After awhile my rod goes off and shortly I land another blacktip, this one was 5' 3". 
Derek got onto the shark to restrain it so that I could remove the hook. After about a minute trying I asked Derek to try, that meant I had to get on the shark. Big mistake (1st time on a shark). I get on and the shark starts to thrash while i'm holding on for dear life. I didn't know if I was going to be fast enough to get off once Derek got the hook out. It settled down quickly and Derek got the hook out, but not before I got a good case of shark burn on my knees and ankles (1st shark burn BTW).
Derek manages two more blacktips that went 5' 1" and 5' 6" that afternoon.
Oh and I also caught a stingray that was about 50-60lbs (1sr ray off the beach) that hit cut whiting. We caught a few more whiting and jumped just as much skipjack. We packed up and headed out about 5:45pm on sunday.
On monday Derek picked me up about 10:30am and we hit the beach around an hour later (wife and kids had to go to work and school). Water looked better, but there wasn't as much birds working like on sunday. After we got to the 38 we managed to catch some skipjack, rigged up both 552's and Derek yakked them out. 
After awhile we checked our baits and realized my mono leader had been bitten off at the hook (I use all mono leaders btw). I had 2 more hits with a little line pulled out but no hook-ups. Derek's rod never got a hit all afternoon.
We spent most of the day casting lures messing around with the skipjack, Derek managed to land an undersized redfish. Afert a slow day we headed out about 6:45. 
Driving was not that bad (my opinion), and seaweed was non existant on both days.
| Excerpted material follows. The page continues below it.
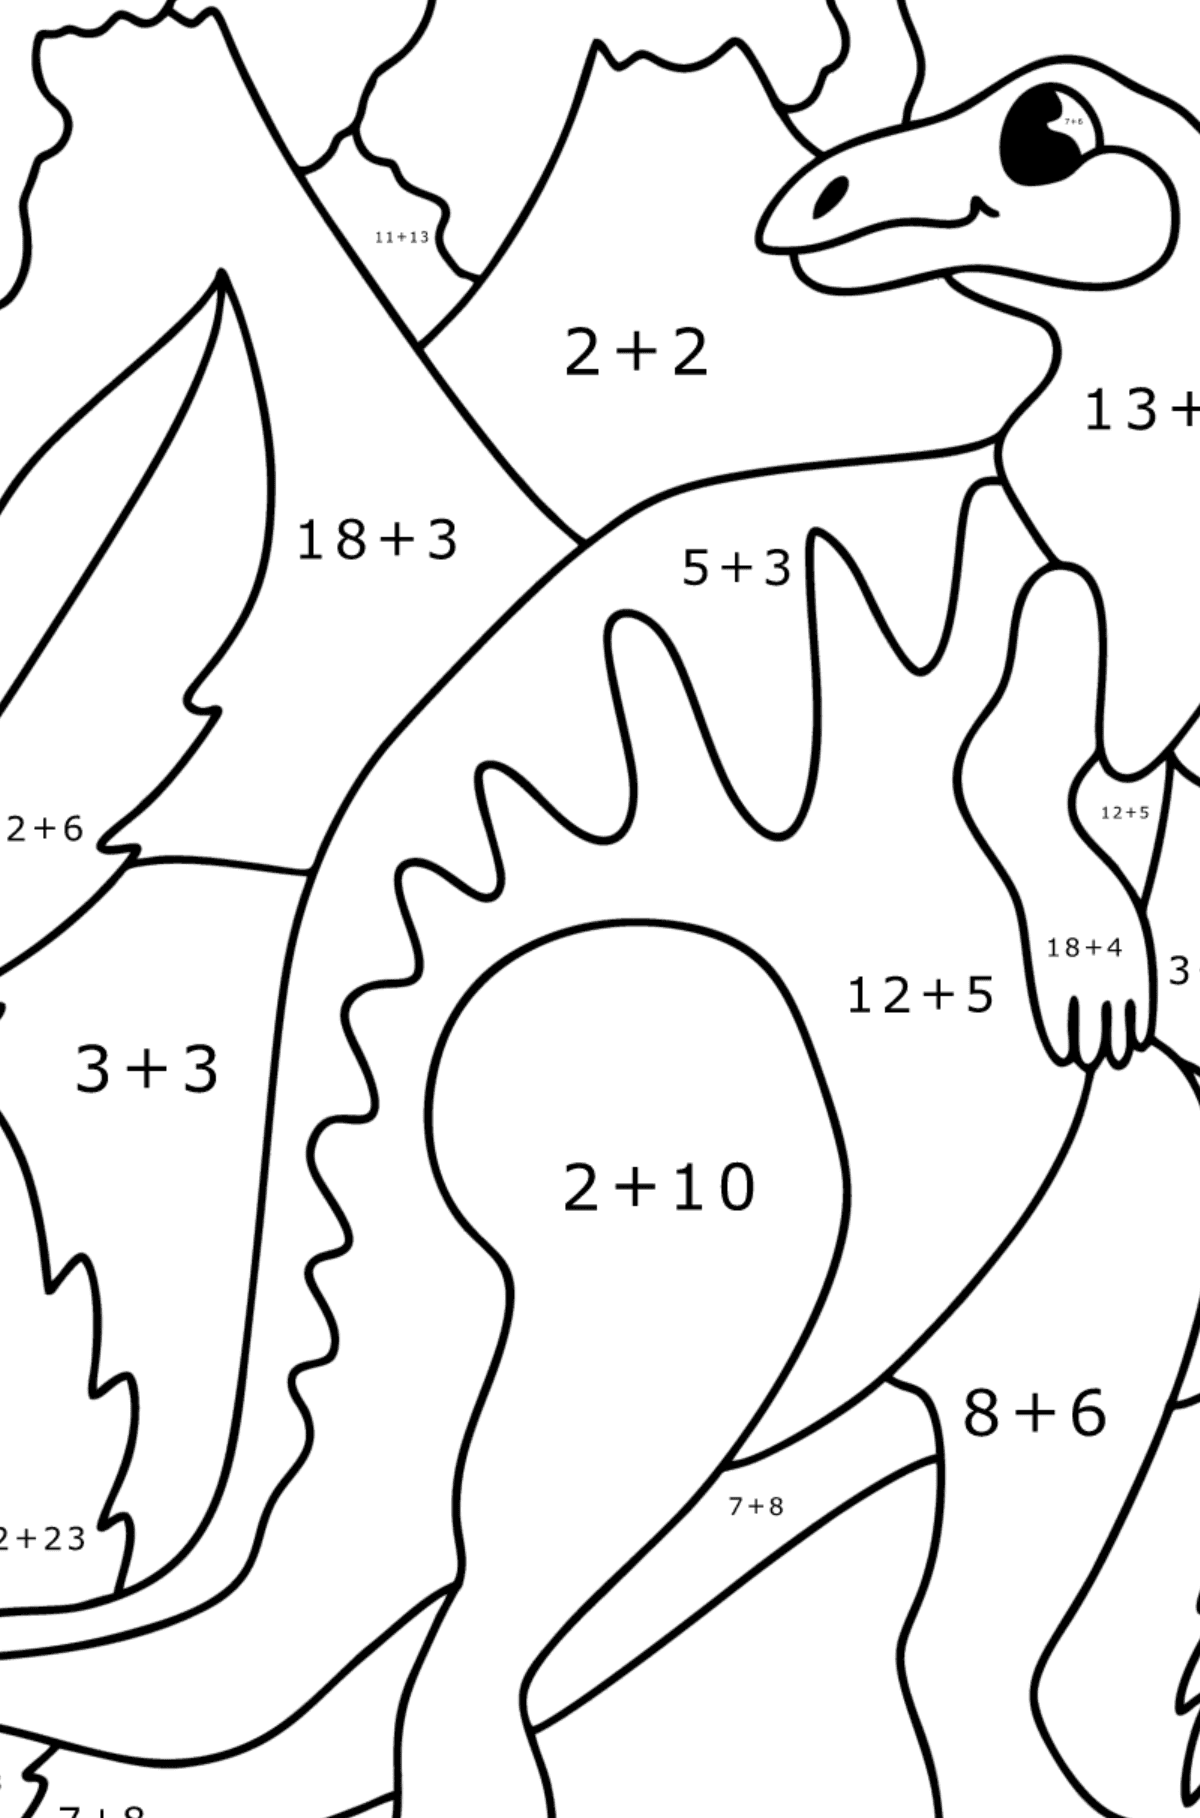 Hadrosaur coloring page - Math Coloring - Addition for Kids

Thanks again Derek we had a blast....can't wait to do it again.


----------



## FS552 (Jun 17, 2004)

Here's some pics, forgot to mention that Derek racked up a few point for his team CC Sharkers.


----------



## Argo (May 21, 2004)

Sounds like a blast. I will be going down with a few ppl and my fam pretty soon(couple weeks) to send out some baits and you are welcome to come by and drop a line out. BTW do any of you guys ever use spanish macks for bait. I have some that I picked up for bait a while back to drag trolling and will not get a chance to use them this year. Are they any good. I have always used skipjack, mullet and whiting.


----------



## FS552 (Jun 17, 2004)

We'll definately try and be out there. Thanks for the invite Argo. I'm not sure you can use them for bait, I might be wrong though. All 5 of our sharks were caught on skipjack with the exception of the ray. It was caught on whiting.


----------



## Sharken (May 21, 2004)

Nice report, fishing the beach is a whole different world, and its unbelievable fun. You just cant match fishing on the beach. Congrats on your new experience. You also cant beat having an excuse to go four wheeling every once in a while either.


----------



## gundoctor (May 20, 2004)

Argo said:


> BTW do any of you guys ever use spanish macks for bait. I have some that I picked up for bait a while back to drag trolling and will not get a chance to use them this year.QUOTE]
> 
> Spanish mackerel are on the list of game fish in Texas and therefor illegal to use as bait in state waters. Texas state waters extend out 9 NM from the beach.


----------



## Argo (May 21, 2004)

bummer, I didnt even think about that. Thanks.


----------



## SurfRunner (May 22, 2004)

Nice Report! I have a TLD 25 but scared to carry it on the beach with me. Did it work fine?


----------



## Surfrat (May 21, 2004)

*Re: Great job!*

Great report and awesome pix, 'gotta love that Shark burn, I have a few scars that won't go away. But that's O.k., 'cos the last one that made 'em, did make it off just fine.



:an1:


----------



## Lou (May 22, 2004)

*Way to go*

FRED great report ,,, glad you had a good first impression of the sand. That memory will stay for ever.


----------



## FS552 (Jun 17, 2004)

SurfRunner said:


> Nice Report! I have a TLD 25 but scared to carry it on the beach with me. Did it work fine?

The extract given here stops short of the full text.